How to run this example?
- If you are using the graphical interface, (1) choose the "Calculate_stats_for_a_transaction_database_with_utility_period" algorithm, (2) choose the input file DB_FOSHU.txt (3) click "Run algorithm".
- If you want to execute this example from the command
line, then execute this command:
java -jar spmf.jar run Calculate_stats_for_a_transaction_database_with_utility_period DB_FOSHU.txt no_output_file in a folder containing spmf.jar and the input file DB_FOSHU.txt. - If you are using the source code version of SPMF, launch the file "MainTestStatsUtilityPeriodDB.java" in the package ca.pfv.SPMF.tests.
What is this tool?
This tool is a tool for generating statistics about a transaction database that contains utility and time period information. This tool can be used to know for example what is the average length of transaction in a database, and what is the total utility of the database. This type of database is used as input by some on-hself high utility itemset mining algorithms such as FOSHU.
What is the input?
The input is a transaction database with information about the utility of items and their shelf time time. For example, let's consider the following database consisting of 5 transactions (t1,t2, ..., t5) and 7 items (1, 2, 3, 4, 5, 6, 7). This database is provided in the text file "DB_FOSHU.txt" in the package ca.pfv.spmf.tests of the SPMF distribution.

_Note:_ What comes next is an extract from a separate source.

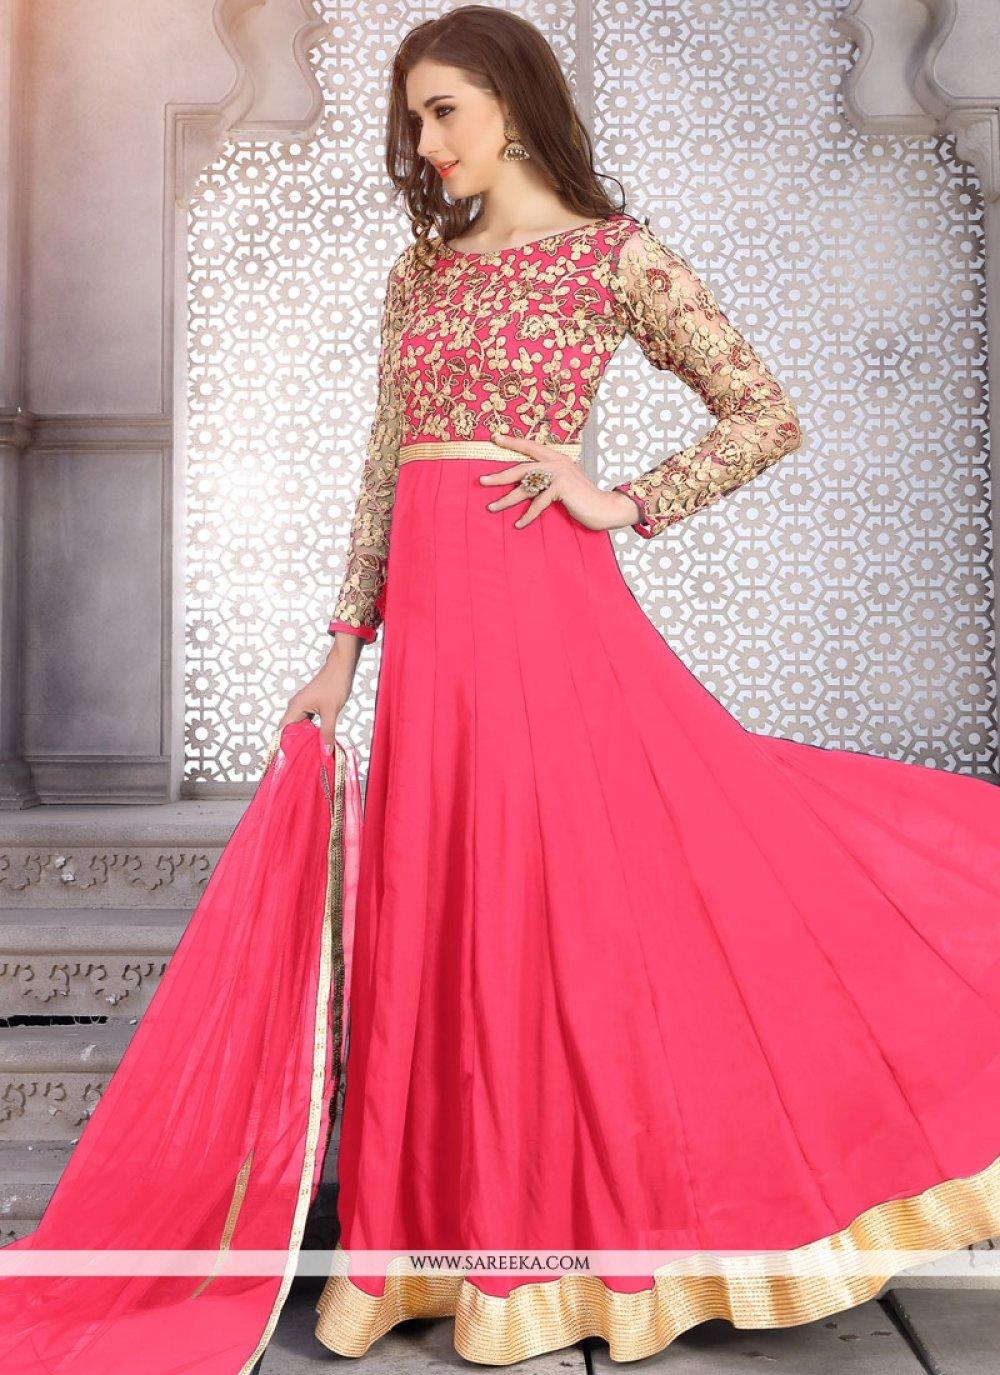 Faux Georgette Pink Embroidered Work Floor Length Anarkali Suit

Transaction | Items | Transaction utility (positive) | Item utilities for this transaction | Time period |
t1 | 1 3 4 | 3 | -5 1 2 | 0 |
t2 | 1 3 5 7 | 17 | -10 6 6 5 | 0 |
t3 | 1 2 3 4 5 6 | 25 | -5 4 1 12 3 5 | 1 |
t4 | 2 3 4 5 | 20 | 8 3 6 3 | 1 |
t5 | 2 3 5 7 | 11 | 4 2 3 2 | 2 |
Each line of the database represents a transaction and contains the following information:
- a set of items (the second column of the table),
- the sum of the utilities (e.g. profit) of items having positive utilities in this transaction (the third column of the table),
- the utility of each item for this transaction (e.g. profit generated by this item for this transaction)(the fourth column of the table).
- the time period where this transaction occurred (the fifth column).
Note that the value in the third column for each line is the sum of the positive values in the fourth column. Moreoever, note that utility values may be positive or negative integers. Time periods are values numbered 0,1,2,3..., which may represent for example periods such as "summer", "fall", "winter" and "spring".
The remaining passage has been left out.